Deadlock with DataLoader and xarray/dask

cbarrick · November 1, 2017, 6:49pm

xarray is a library working with high-dimensional datasets. It uses dask to stream data from disk when it doesn’t fit in main memory. When I try to wrap an xarray DataArray in a torch DataLoader, I the program stalls. It appears to be a deadlock.

I’ve tried setting lock=False in xr.open_mfdataset which is passed to dask.array.from_array, but it’s not helping.

Does anyone here have experience combining xarray or dask with PyTorch?

Here’s a minimal example of what I’m talking about:

from torch.utils.data import Dataset, DataLoader
import xarray as xr

class XarrayDataset(Dataset):
    '''A simple torch Dataset wrapping xr.DataArray'''
    def __init__(self, ar, batch_dim):
        self.ar = ar
        self.batch_dim = batch_dim

    def __len__(self):
        return len(self.ar[self.batch_dim])
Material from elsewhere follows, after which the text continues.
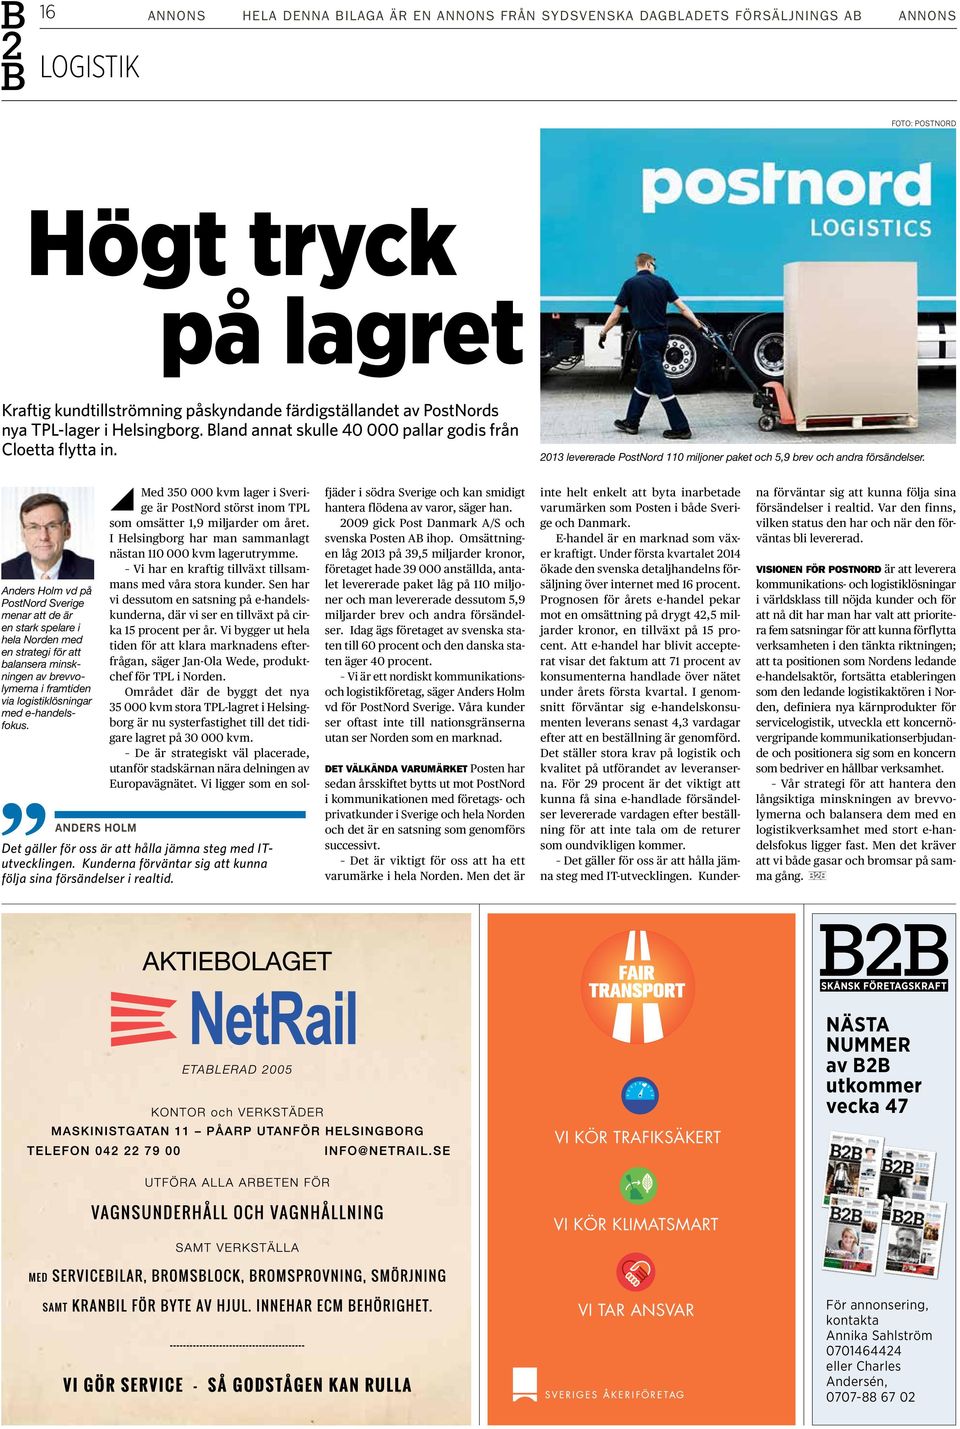 Anders Holm vd på PostNord Sverige menar att de är en stark spelare i hela Norden med en strategi för att balansera minskningen av brevvolymerna i framtiden via logistiklösningar med e-handelsfokus.

    def __getitem__(self, idx):
        return self.ar[{self.batch_dim: idx}].values

class XarrayDataLoader(DataLoader):
    '''A simple torch DataLoader wrapping xr.DataArray'''
    def __init__(self, ar, batch_dim, **kwargs):
        ar = XarrayDataset(ar, batch_dim)
        super().__init__(ar, **kwargs)

# Open the dataset with xarray and select the feature to work with.
ds = xr.open_mfdataset(['NAM-NMM/nam.20170115/nam.t00z.awphys.tm00.nc', 'NAM-NMM/nam.20170115/nam.t12z.awphys.tm00.nc'])
ar = ds['TMP_SFC']

# If I load the data into main memory, the deadlock does not happen
#ar.load()

# Trying to load the data with num_workers > 0 results in deadlock.
dl = XarrayDataLoader(ar, batch_dim='reftime', num_workers=1)
i = iter(dl)
next(i)

ghiggi · February 9, 2021, 4:45pm

I experienced similar problems.
Is something related to the fact that netCDF I/O is not thread-safe and there is some locking going on.
If you chunk your dataset with ds=ds.chunk(<your chunk options>), you save the dataset to disk in zarr format (ds.to_zarr()) and reopen the dataset with xr.open_zarr() then everything works fine
I additionally suggest to set dask.config.set(scheduler='synchronous') to speed up the data loading if num_workers > 0 in your DataLoader.